Member of the Constitutional Court of Bosnia and Herzegovina
- Retired
- In office December 2005 – May 2025
- Appointed by: Federation entity parliament

= Seada Palavrić =

Bosnian lawyer, politician and judge

Seada Palavrić (born 10 November 1954 in Tuzla) is a Bosnian lawyer, politician, judge, and a retired member of the Constitutional Court of Bosnia and Herzegovina. She declared ethnic affiliation as Bosniak.

== Biography ==

Palavrić graduated from the Sarajevo Law School in 1984 and passed the bar exam in 1995.

In the 1980s, Palavrić worked as legal consultant for the Thermoelectric Power Plant Tuzla. From 1993 to 2002, she was appointed District Labour Inspector and a Secretary of the Tuzla District Assembly.

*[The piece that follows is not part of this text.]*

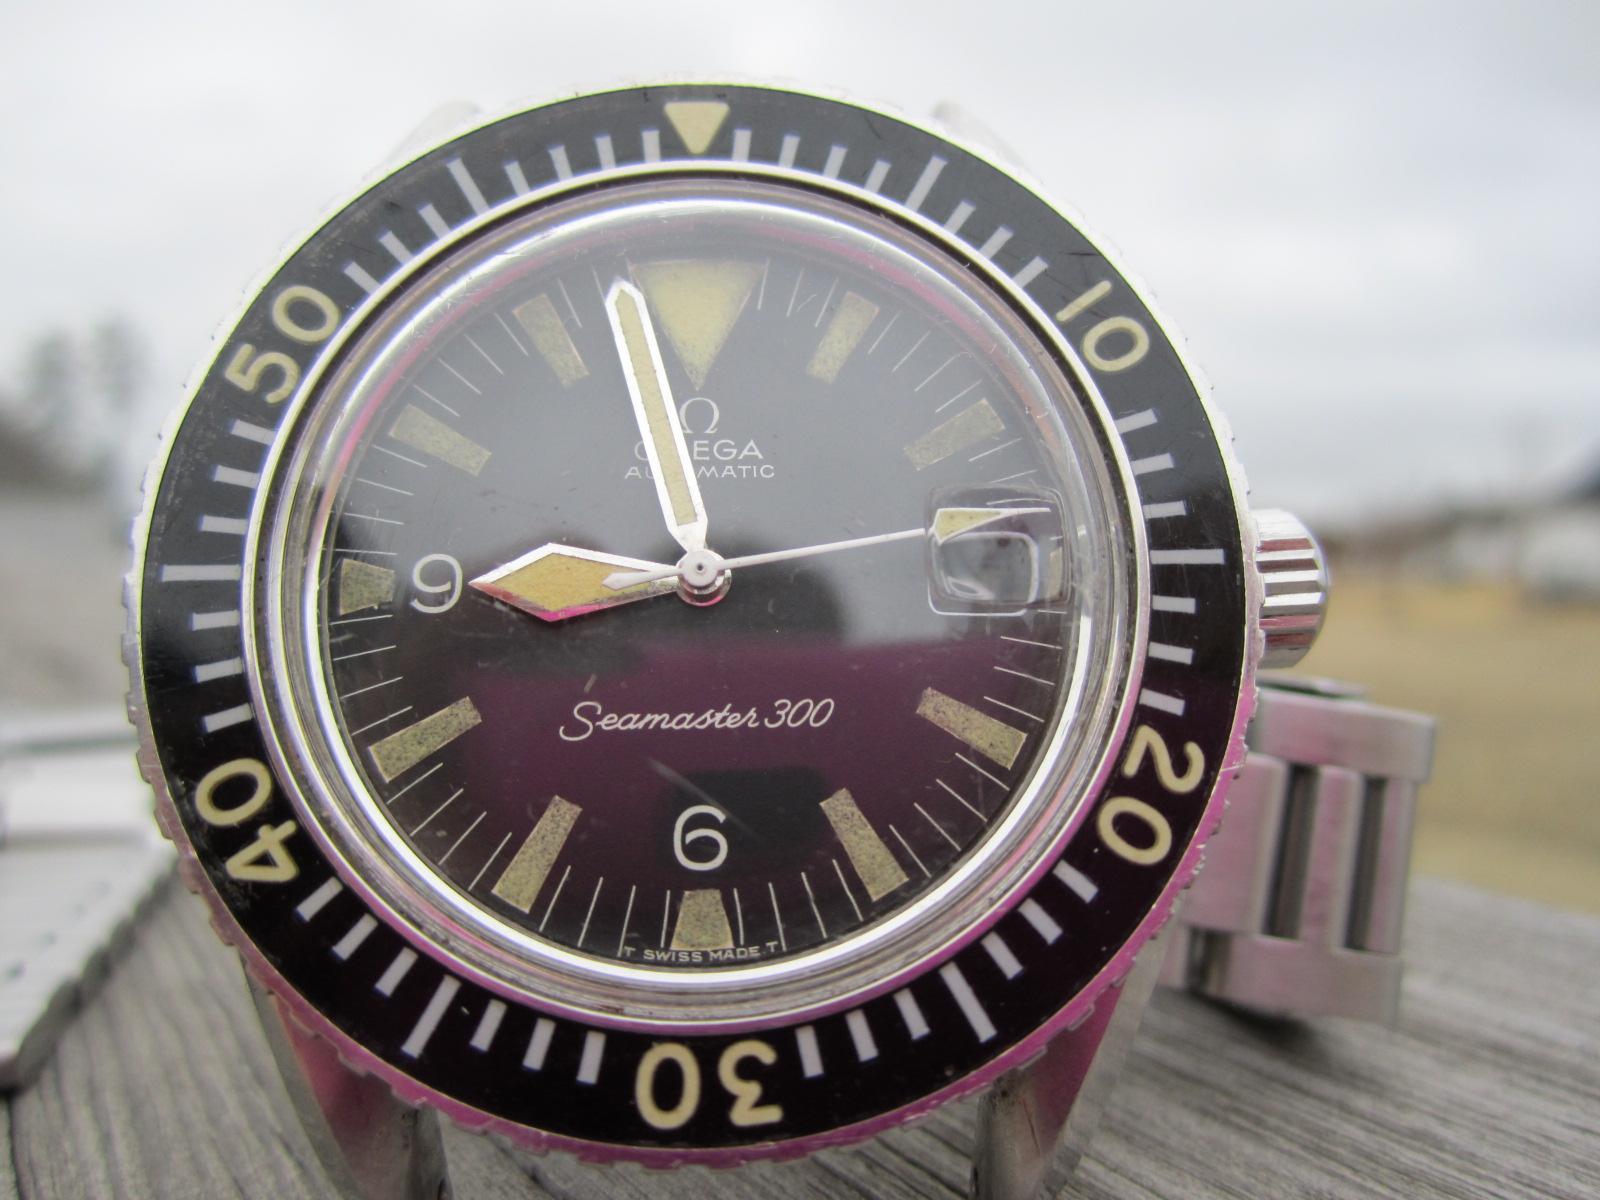 ¿Avanza la relojería en sus diseños? 400049d1299503495-fs-vintage-omega-seamaster-300-sold-img_0377

In 1994, she chaired the establishing committee of the Tuzla-Podrinje Canton as the first canton in the Federation of Bosnia and Herzegovina. From 1994 to 2002 she was Secretary of the cantonal assembly and the served as cantonal public attorney.

She also held the position of Assistant to the Minister of Justice of the Federation of Bosnia and Herzegovina and of liaison officer of the Federation entity government to the Human Rights Commission for Bosnia and Herzegovina and Ombudsman.

From 1996 to 2002, Palavrić was elected to the Federation entity's House of Representatives and from 2002 to 2005 to the State-level House of Representatives. She was Deputy Chairman of the Committee on Foreign Affairs and from 2001, she was vice president of the Bosniak Party of Democratic Action (SDA).

On 6 December 2005, she was appointed by the Federation entity parliament as a judge of the Constitutional Court of Bosnia and Herzegovina. In 2008, she was selected by her colleagues to serve as President of the court for a term. From 2009 to 2015 she served as vice-president of the court, and in June 2024 was appointed to another term as president of the court.

Palavrić was a member of the expert team involved in the Dobrinja Arbitration in accordance with the Decision of the High Representative, and a member of the High Representative's Commission for Amendments to the Constitution of Bosnia and Herzegovina, established after the adoption of the Constitutional Court's decision on the constituent peoples. She has published numerous professional articles in Pravni savjetnik, issued by the Civil Society Promotion Centre.

Palavrić retired from the court in May 2025, after her term expired due to reaching retirement age.